Quantum Optics INRIM

Quantum Imaging and Sensing

Quantum imaging and sensing aim at exploiting entanglement and quantum correlation to step over classical limitation in sensitivity and resolution. Conventional optical measurements are affected by fundamental limits that comes from the quantum fluctuation of the optical field. Shot noise turns out from the discretization of the energy in photons and from the randomness of the photon emission from conventional (classical) sources. However, quantum mechanics does not prevent to build sources which are more stable, e.g.  producing a regular stream of equidistant photons or entangled beams where photons are perfectly correlated in any degree of freedom. Engineering these states, manipulate and efficiently detect them, allows to reduce uncertainty in measurements and to go beyond classical paradigms such as the Rayleigh diffraction limit and shot-noise limit. 

In the group, we have realized several “first” experimental demonstration of quantum imaging and sensing protocols:  wide field sub shot noise imaging and microscopy without resorting to post-selection; quantum enhanced target detection in a preponderant background, known as ‘quantum illumination’; super-resolution fluorescence microscopy with photon antibunching from NV centers; absolute calibration of CCD cameras by quantum correlations; quantum reading and lossy channel discrimination. We also enjoy exploring possible real application of quantum inspired techniques, for example ‘ghost imaging’.

Recent highlights

Twin beam quantum-enhanced correlated interferometry for testing fundamental physics

S. T. Pradyumna et al., Communications Physics 3, Article number: 104 (2020)

Quantum metrology deals with improving the resolution of instruments that are otherwise limited by shot noise and it is therefore a promising avenue for enabling scientific breakthroughs. The advantage can be even more striking when quantum enhancement is combined with correlation techniques among several devices. Here, we present and realize a correlation interferometry scheme exploiting bipartite quantum correlated states injected in two independent interferometers. The scheme outperforms classical analogues in detecting a faint signal that may be correlated/uncorrelated between the two devices. We also compare its sensitivity with that obtained for a pair of two independent squeezed modes, each addressed to one interferometer, for detecting a correlated stochastic signal in the MHz frequency band. Being the simpler solution, it may eventually find application to fundamental physics tests, e.g., searching for the effects predicted by some Planck scale theories.

Quantum enhanced non-interferometric quantitative phase imaging

Ortolano, G., Paniate, A., Boucher, P. et al.  Light Sci Appl 12, 171 (2023).
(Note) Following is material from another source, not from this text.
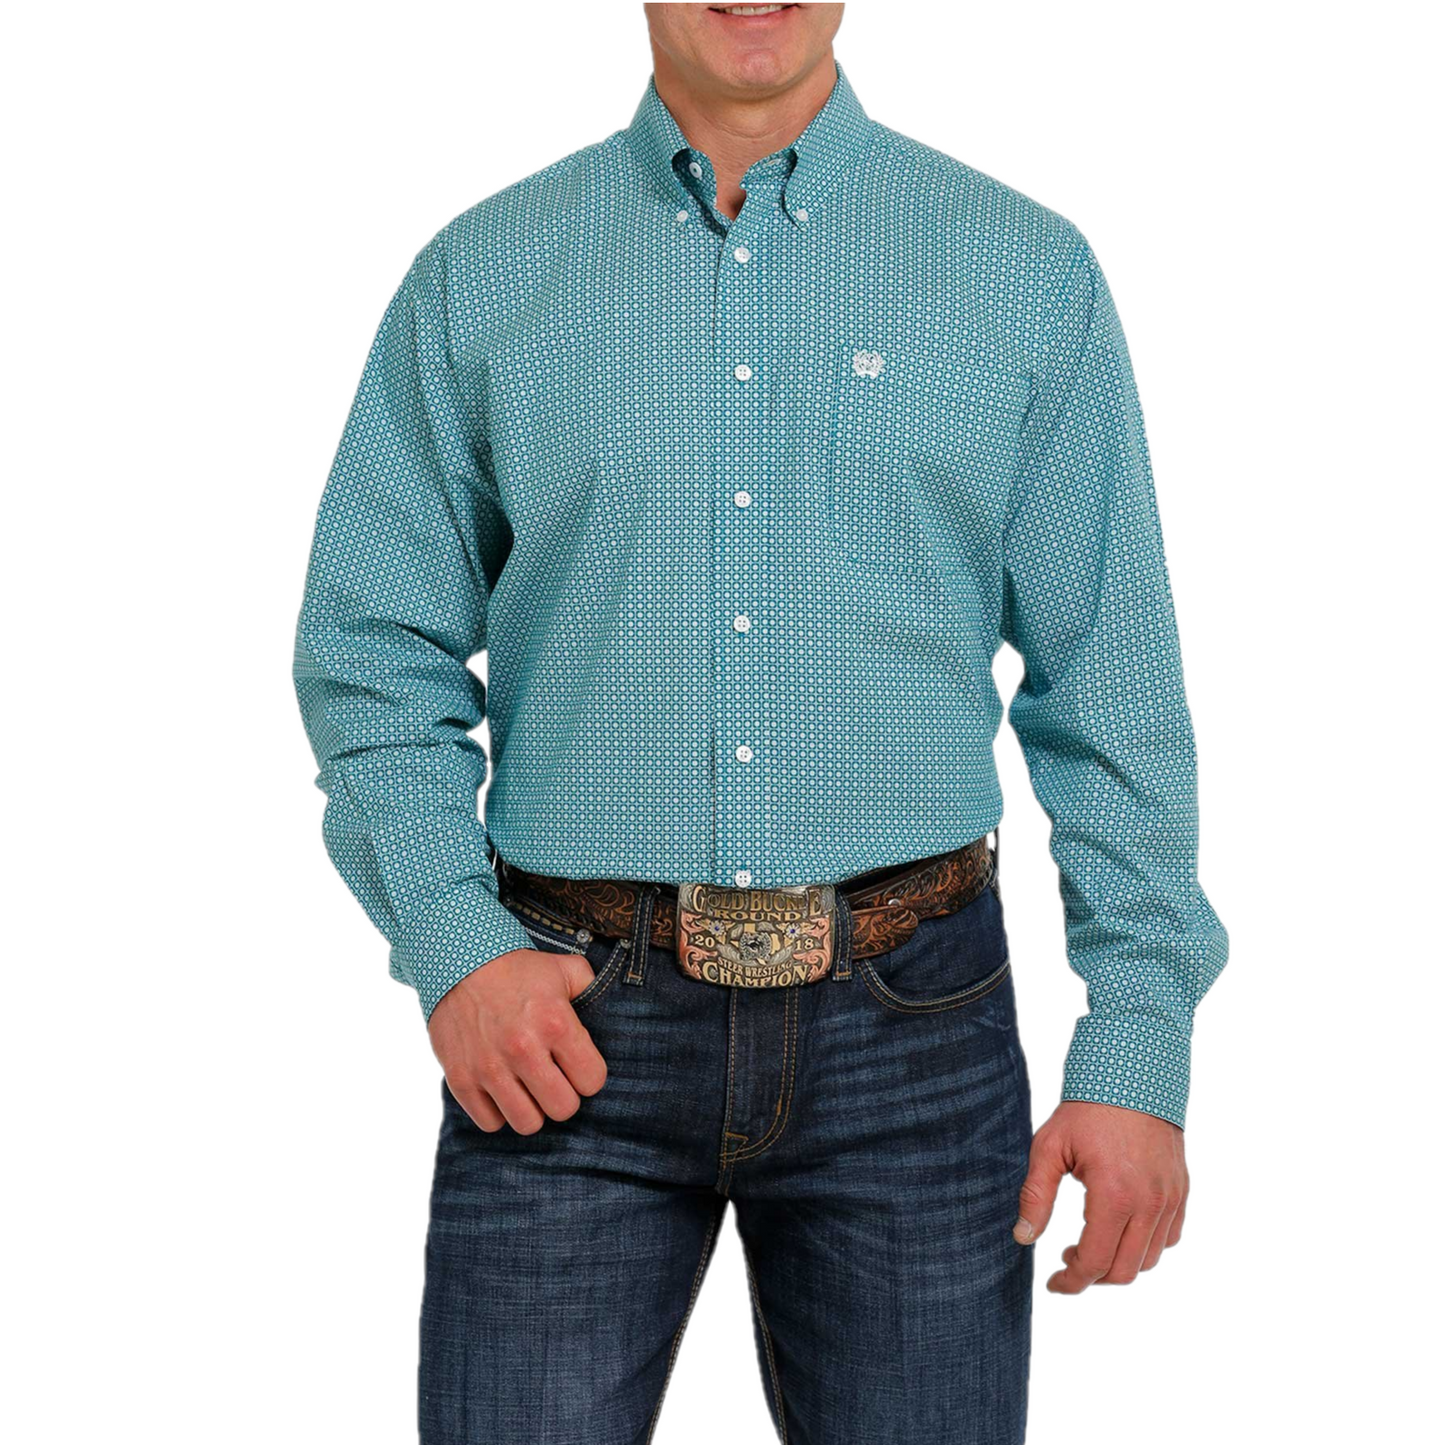 Cinch® Men's Plain Weave Print Teal Button Down Shirt MTW1105498

Quantum entanglement and squeezing have significantly improved phase estimation and imaging in interferometric settings beyond the classical limits. However, for a wide class of non-interferometric phase imaging/retrieval methods vastly used in the classical domain, e.g., ptychography and diffractive imaging, a demonstration of quantum advantage is still missing. Here, we fill this gap by exploiting entanglement to enhance imaging of a pure phase object in a non-interferometric setting, only measuring the phase effect on the free-propagating field. This method, based on the so-called “transport of intensity equation", is quantitative since it provides the absolute value of the phase without prior knowledge of the object and operates in wide-field mode, so it does not need time-consuming raster scanning. Moreover, it does not require spatial and temporal coherence of the incident light. Besides a general improvement of the image quality at a fixed number of photons irradiated through the object, resulting in better discrimination of small details, we demonstrate a clear reduction of the uncertainty in the quantitative phase estimation. Although we provide an experimental demonstration of a specific scheme in the visible spectrum, this research also paves the way for applications at different wavelengths, e.g., X-ray imaging, where reducing the photon dose is of utmost importance.

Experimental quantum reading with photon counting

G. Ortolano et al., SCIENCE ADVANCES 20 Vol 7, Issue 4 (2020)

The final goal of quantum hypothesis testing is to achieve quantum advantage over all possible classical strategies. In the protocol of quantum reading, this is achieved for information retrieval from an optical memory, whose generic cell stores a bit of information in two possible lossy channels. We show, theoretically and experimentally, that quantum advantage is obtained by practical photon-counting measurements combined with a simple maximum-likelihood decision. In particular, we show that this receiver combined with an entangled two-mode squeezed vacuum source is able to outperform any strategy based on statistical mixtures of coherent states for the same mean number of input photons. Our experimental findings demonstrate that quantum entanglement and simple optics are able to enhance the readout of digital data, paving the way to real applications of quantum reading and with potential applications for any other model that is based on the binary discrimination of bosonic loss.